Question

The height of the image formed by a converging lens on a screen is $8cm$. For the same position of the object and screen again an image of size $12.5cm$ is formed on the screen by shifting the lens. The height of the object:
A) $\dfrac{{625}}{{32}}cm$
B) $\dfrac{{64}}{{12.5}}cm$
C) $10cm$
D) None

Answer 1

Hint: The two provided cases are obtained by having a normal step up and then by shifting the positions of the lens. Obtain mathematical expressions for both the cases using the magnification formula and lens formula. Then solve them together by value substitution of one into the other, using their relation to get the required answer.

Formula used:
$\dfrac{1}{f} = \dfrac{1}{v} - \dfrac{1}{u}$
${M_1} = \dfrac{{{h_1}}}{h} = \dfrac{v}{u}$
${M_2} = \dfrac{{{h_2}}}{h} = \dfrac{{v'}}{{u'}}$

Complete solution:
As we know there are no changes in the position of the object or the screen in this question, and the only displacement is occurring for the position of the lens.
This question can be easily understood with the idea of a magnifying glass, let me explain it to you. Suppose you are trying to read a book with extremely small letters that you can only do with the help of a magnifying glass. Now you use a magnifying glass to view the letters, as we know similar to the question asked, a magnifying glass too has a converging lens, which is a convex lens. Now to get a better vision of the text we move the glass, keeping our eyes and the book in the same place.
We can make a diagram of the situation, and then do the basic math to arrive at the answer.

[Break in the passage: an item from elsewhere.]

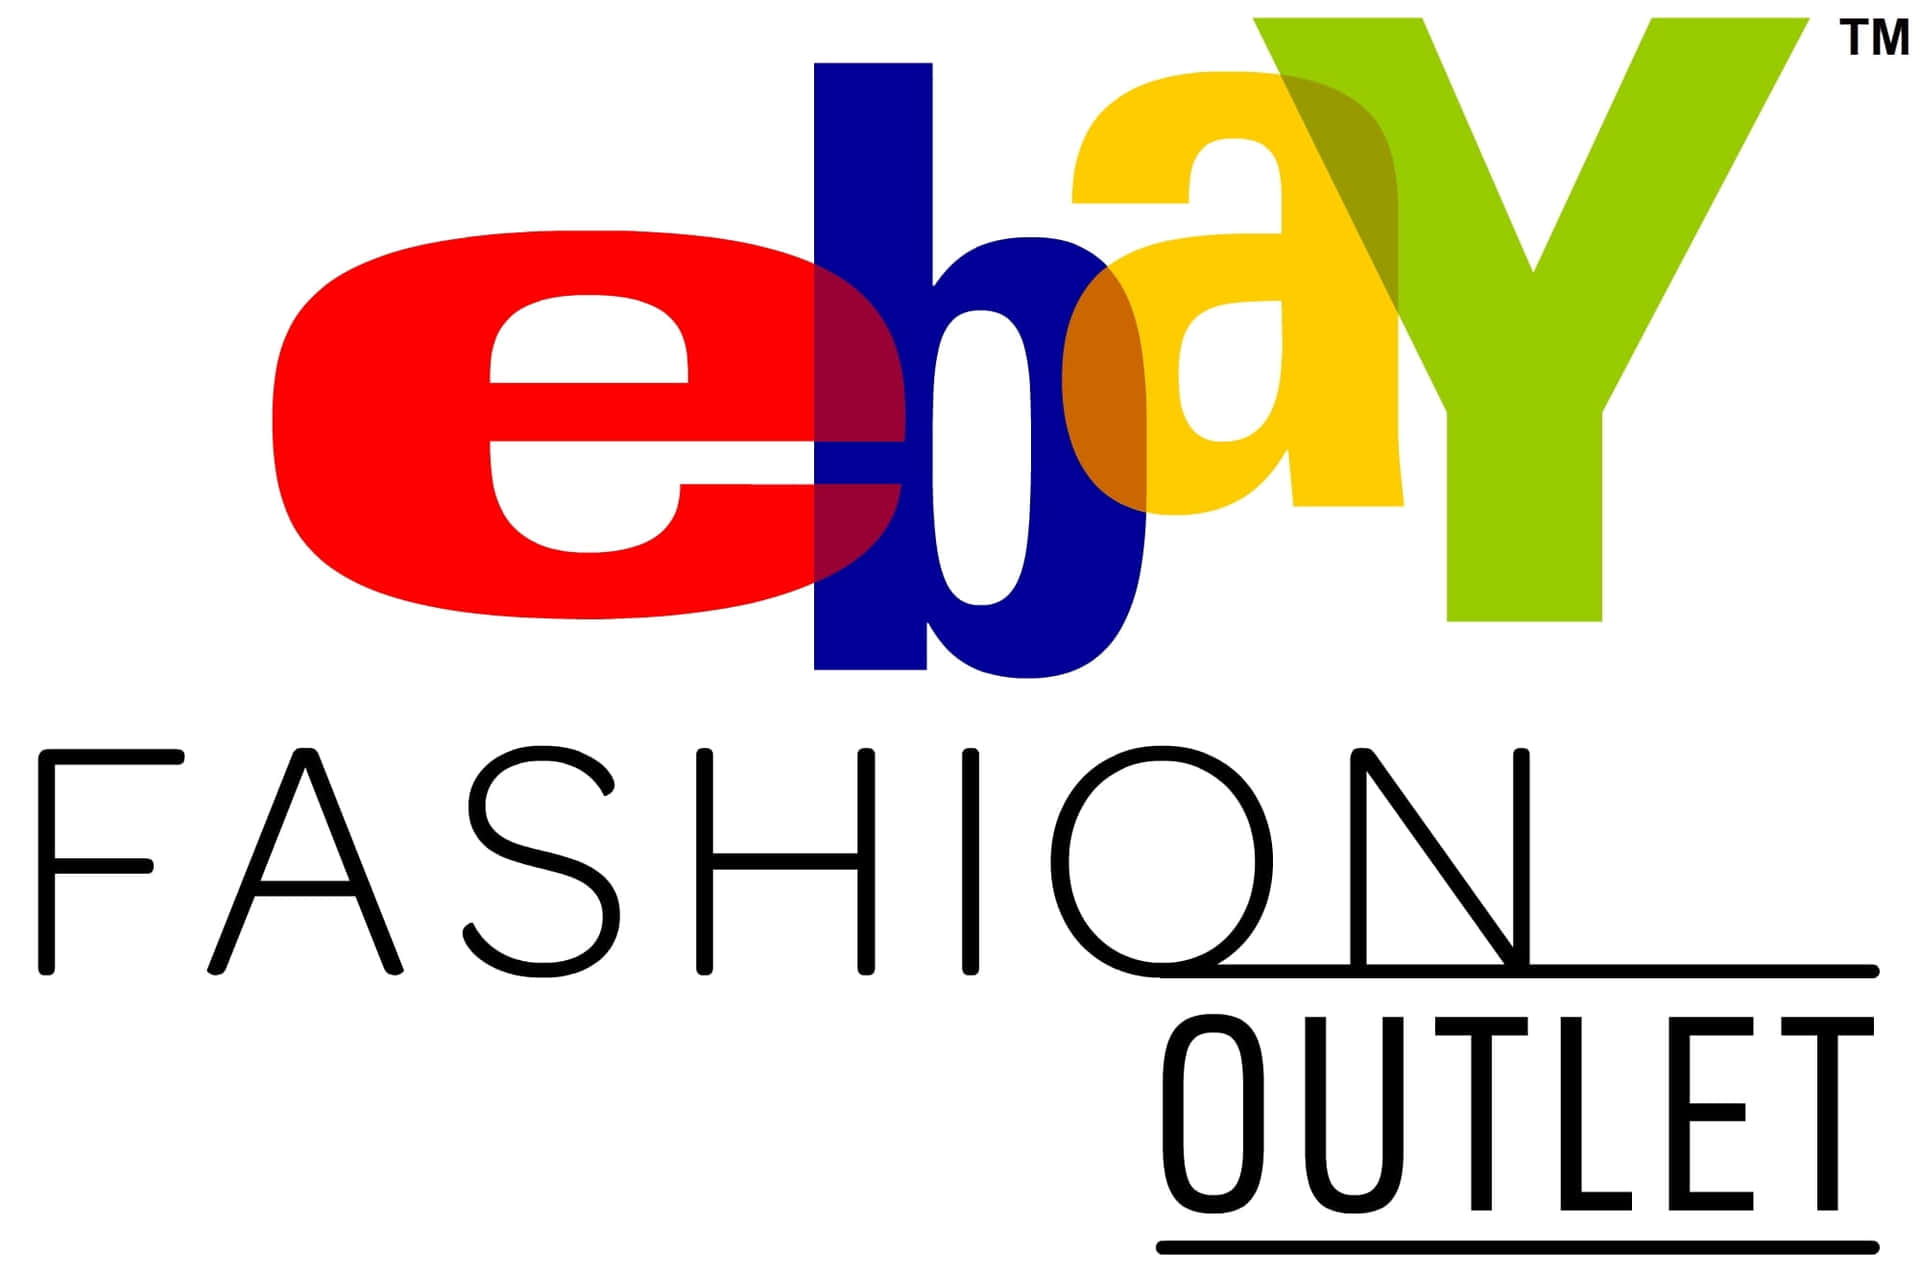 Ebayuk Logo Fashion Outlet: Ebay Uk Logo Fashion Outlet Wallpaper

In the figure P1 is the first position and P2 is the second position. D is the distance between the object and the screen and h denotes the height of the object.
From lens formulae
$\dfrac{1}{f} = \dfrac{1}{v} - \dfrac{1}{u}$
$ \Rightarrow \dfrac{1}{f} = \dfrac{1}{{d - u}} - \dfrac{1}{u}$
Let ${h_1}$and ${h_2}$be the two image heights.
Magnification of first position can be written as
${M_1} = \dfrac{{{h_1}}}{h} = \dfrac{v}{u}$
And for second position
${M_2} = \dfrac{{{h_2}}}{h} = \dfrac{{v'}}{{u'}}$
Multiplying both equations and simplifying
${M_1}{M_2} = \dfrac{{{h_1}}}{h}\dfrac{{{h_2}}}{h} = \dfrac{v}{u}\dfrac{{v'}}{{u'}}$
On simplifying equations of image distance, we get
$\eqalign{
& v = u \cr
& v' = u' \cr} $
Therefore
${h_1}{h_2} = {h^2}$
Substituting the values
$\therefore h = \sqrt {8 \times 12.5} = 10cm$
Hence, the height of the object is $10cm$.

Therefore, option C is the correct answer.

Note:
Note that the above formula is independent of the distance between the two lenses, the effect is already included in the heights of the images. It is very important to use proper sign convention in solving this problem; otherwise it will lead to false results.